January 31, 2005

Giving 'The Oregonian' And OregonLive Another Swift Kick

Yes, In The Ass

We're sure that we must have mentioned, at some point, the end-of-December thread on BlueOregon about the utter and most woeful inadequacy of the alliance between The Oregonian and its affiliated website, OregonLive.

Actually, perhaps we didn't mention that thread in particular, We did, however, take them to task in our list of demands for the new year.

So there might be no good reason to pile on them once more, but there's been another development out in Greensboro, North Carolina. As we've mentioned before (and here is a good place to get somewhat up to speed), the News & Record is charging headlong into reinventing its presence on the Web to better reflect, well, an intelligence that reflects the media world in which we now all actually live.

Apparently, according to Ed Cone, that very paper is about to launch a perhaps somewhat small but entirely emblematic initiative.

They will be posting all letters to the editor as blog entries, complete with the ability to comment.

Meanwhile, the best that Jeff Jarvis (the man behind the curtain, to steal BlueOregon's phrase, of Advance's newspaper-affiliated websites) can come up with is a vague "group blog" plan. It's interesting, but compared to what the News & Record has planned... well, ok, so maybe Jarvis' plan is not very interesting after all.

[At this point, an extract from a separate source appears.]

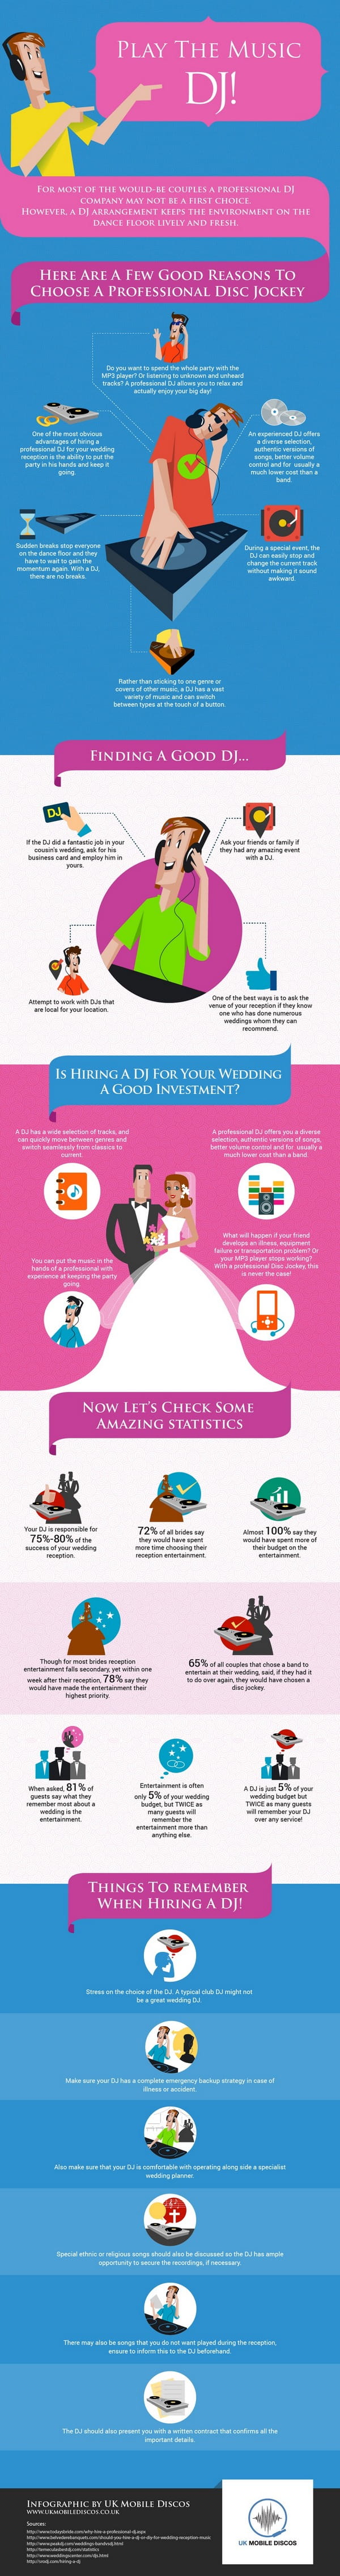 Reasons to Choose a Professional Wedding DJ Infographic

In all the ranting we've done about how pitful an online presence our local newspapers have, we've never hesitated to avoid slamming the people who work at OregonLive. They -- and their counterparts over at the newspaper, for that matter -- are stuck in a system that offers no real room for creativity or innovation.

Well, for that matter, it barely even has room for efficiency and basic-level usefulness. But perhaps we're letting the fact that we've been up all night cause us to get carried away here.

Our point, as ever, is this: Please, please, please -- will someone in the high-ups of the Advance corporate maze awaken from their slumber and tear down the walls that separate their newspapers from their websites, and then get the Hell out of the way and let the local communities which they serve help them become relevant?